I’ve been happily married for nearly ten years to a man who’s interesting to be around, well-read, likes thoughtful political discussions and foreign films, etc. In short, we’re very well suited and get on like gangbusters. We often hear remarks from people about how obvious it is that we have a great relationship. That’s heartening, but I also hate to bring it up, because I am friends with a lot of people who are either in crappy relationships or wish they were in some kind of relationship but aren’t.
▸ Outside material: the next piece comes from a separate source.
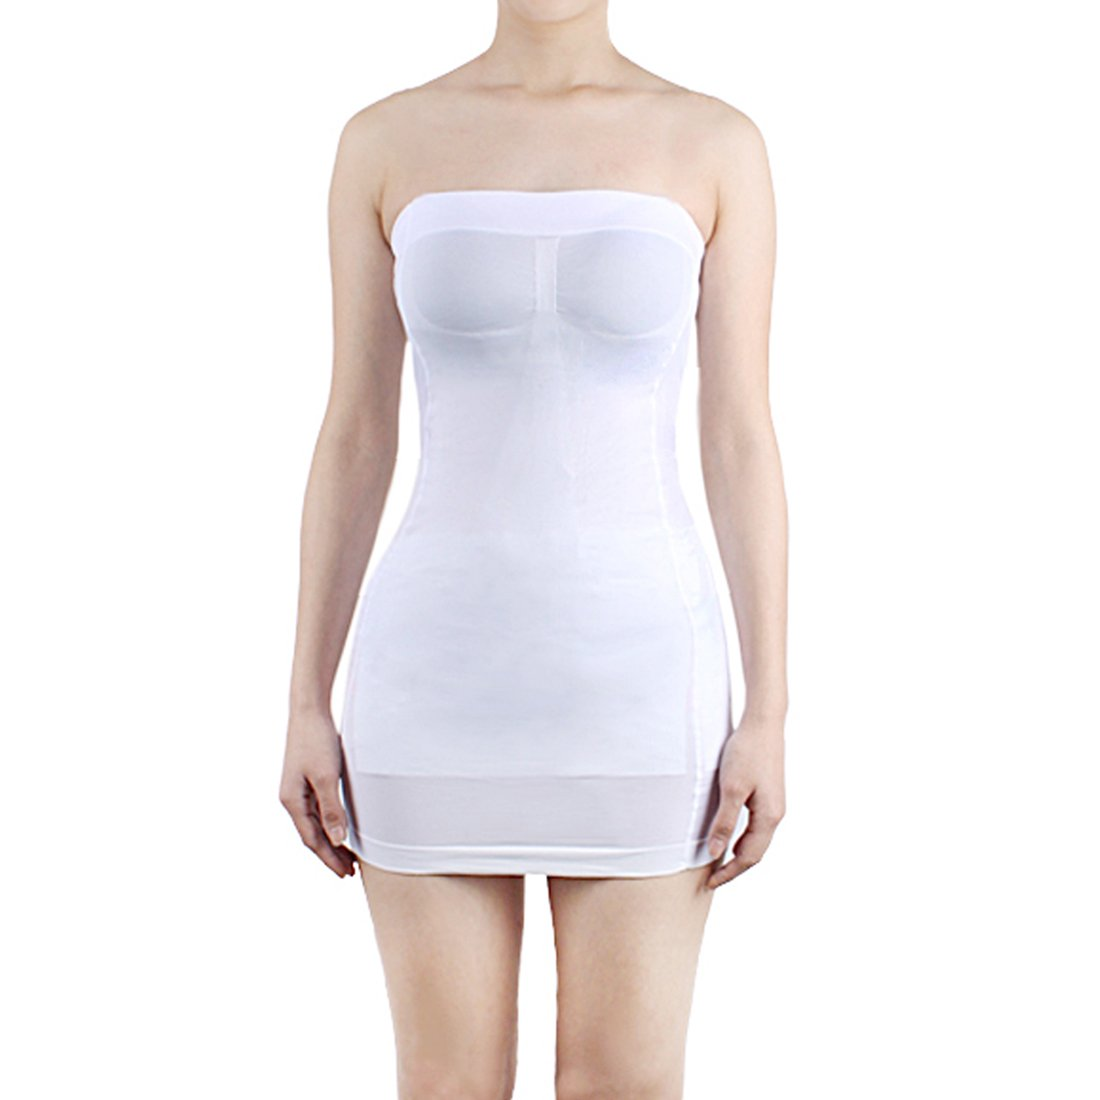 2a09e0a9eb2 Andux Sexy Slimming Tube Top Stretch Strapless Slip Mini Dress SS-W03  White  Amazon.co.uk  Sports   Outdoors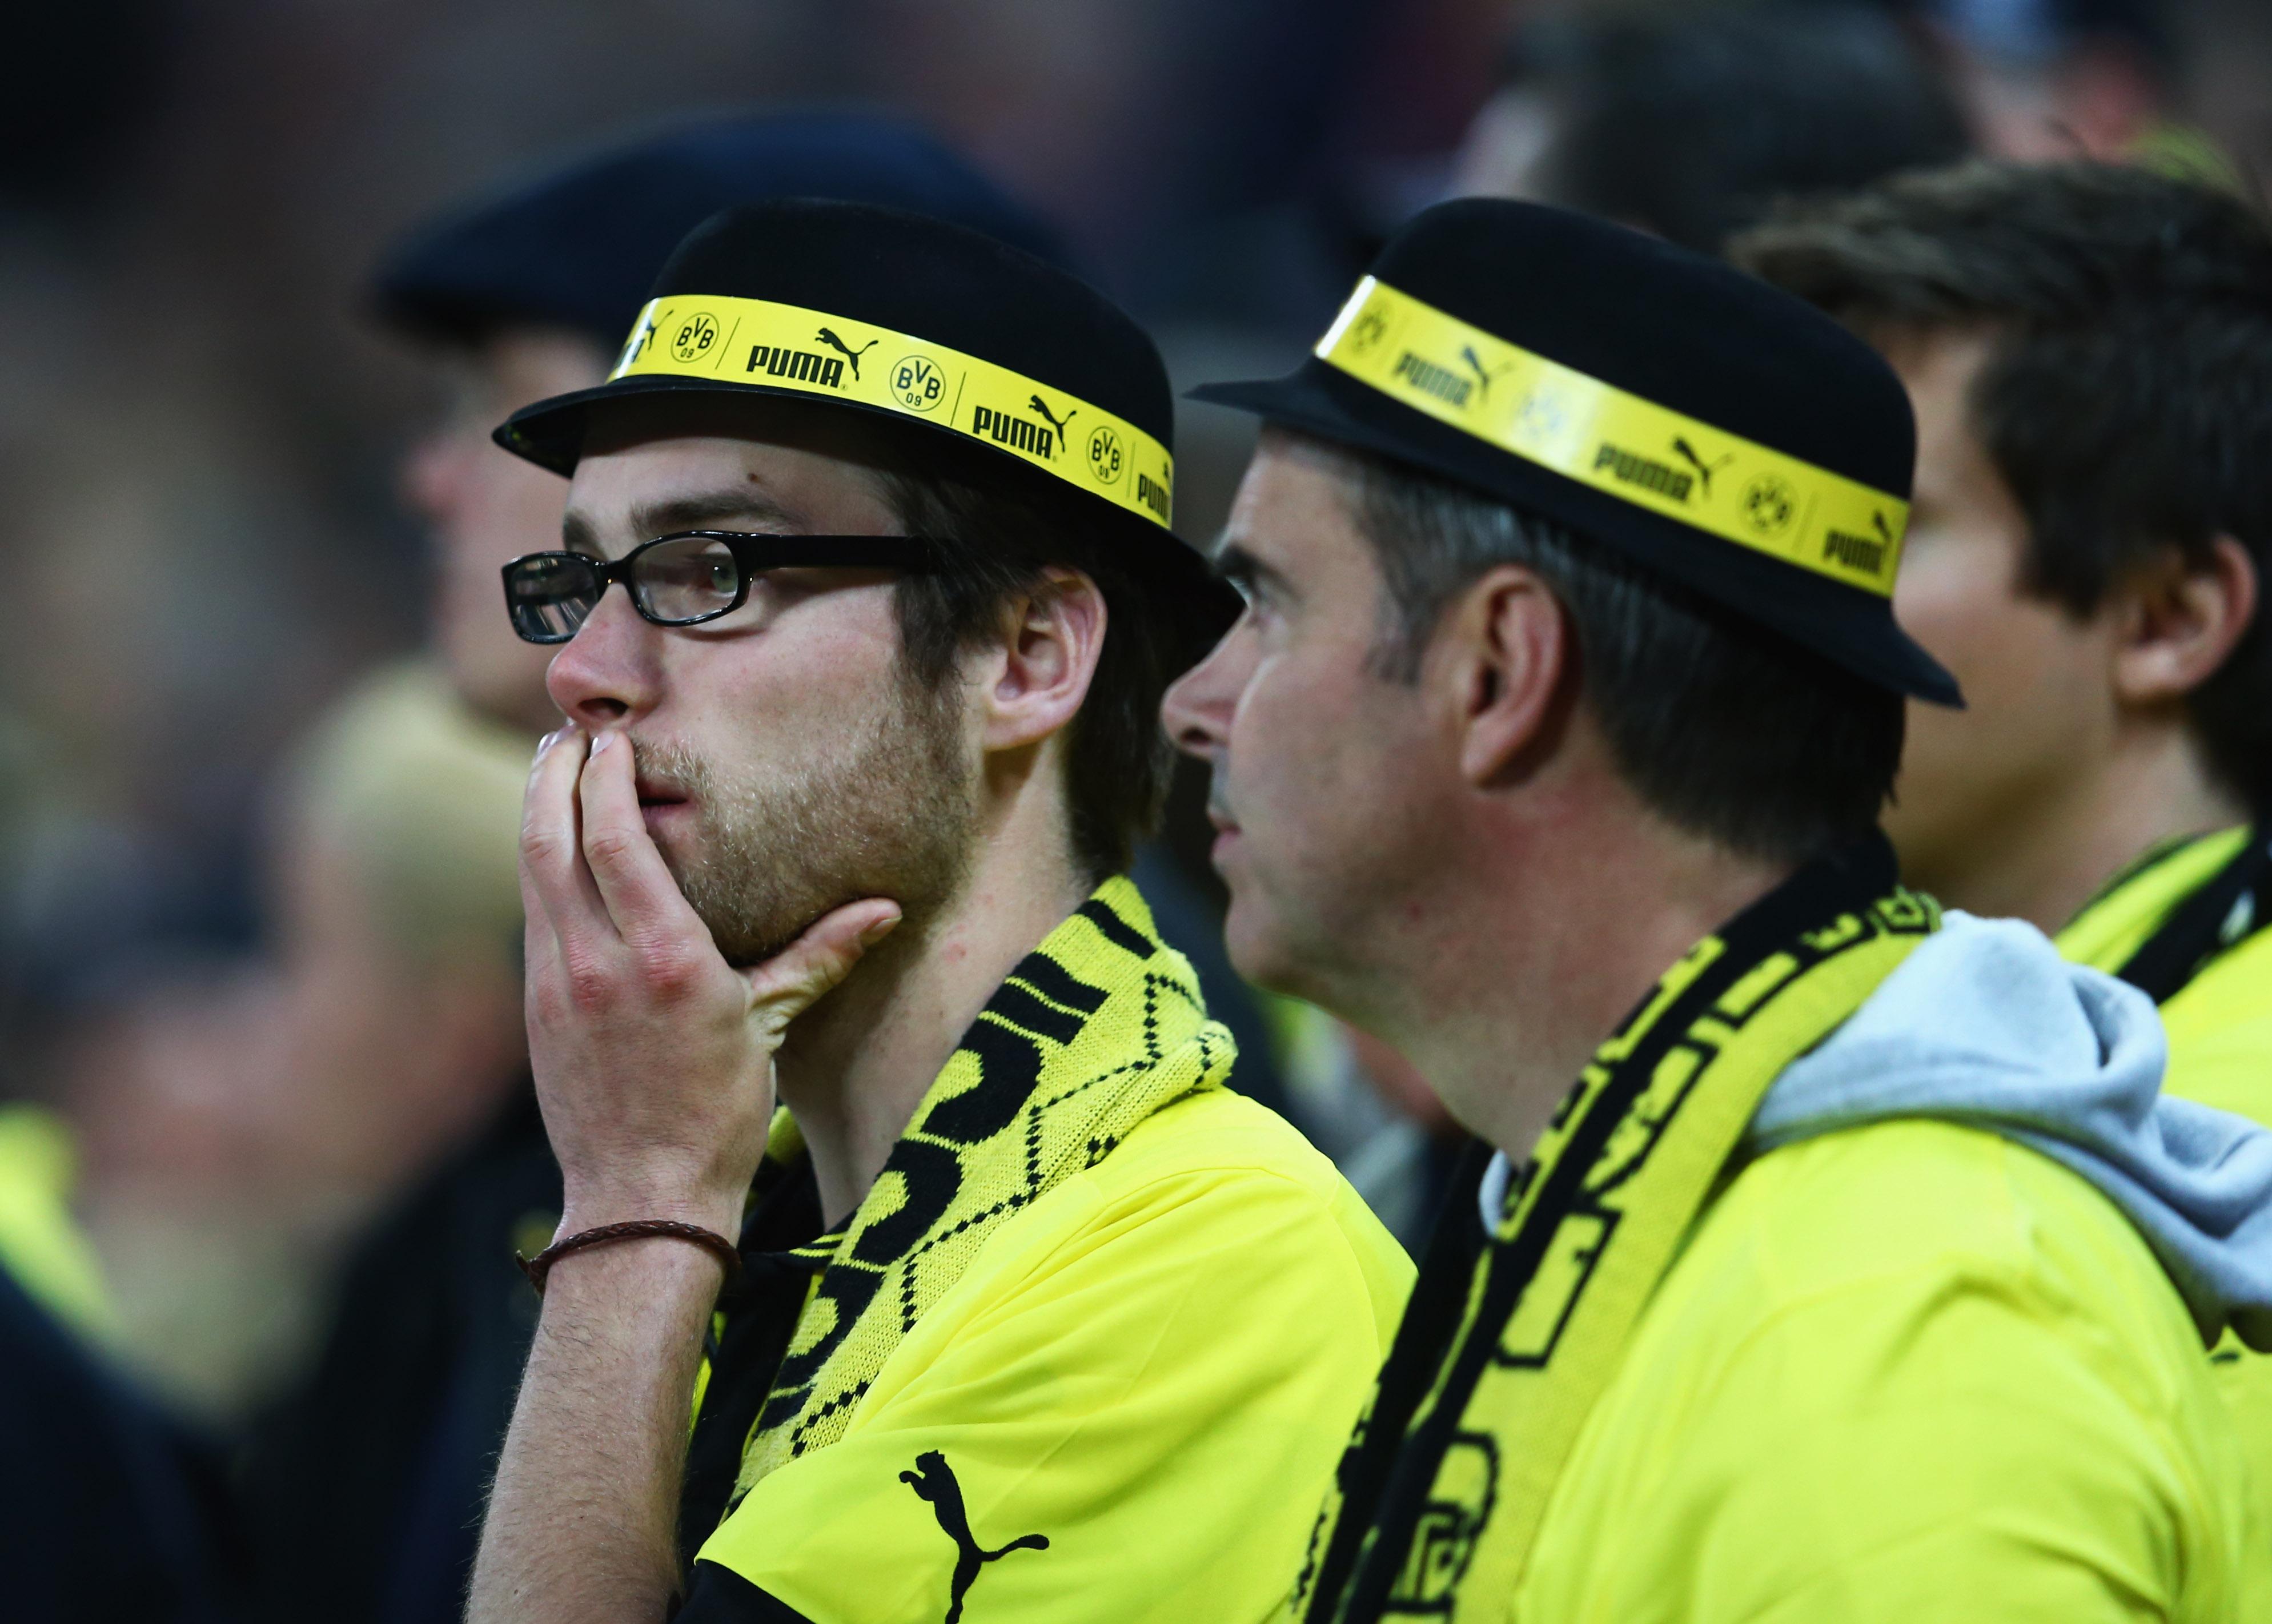 Bundesliga, Week 17: Freiburg draw, stay below Dortmund

I guess the long and the short of it is that I’m happy. I have a good life, and I’m enjoying it, but at the same time I’m eaten up with shame because I know that so many others aren’t happy, and a lot of them think that I don’t deserve to be happy either. I don’t think anyone’s so unrealistic as to say “If every single person on earth can’t be happy, no one should be happy,” but it does seem that an alarming number of folks live by “if I’m not happy, nobody should be.”

I hope that a lot more people are like me. Enjoying happy, fulfilling lives, but doing it quietly, so as not to bother anyone.

One response

  1. I feel it too, you know. “I’m really happy. Wait, is it okay that I’m happy? My life is really great, and luck played a part in that. I feel grateful for that grace, but does that mean it’s bad for me to feel happy?” No way. But it is bad to feel arrogant about it. We aren’t arrogant, we’re happy and mindful.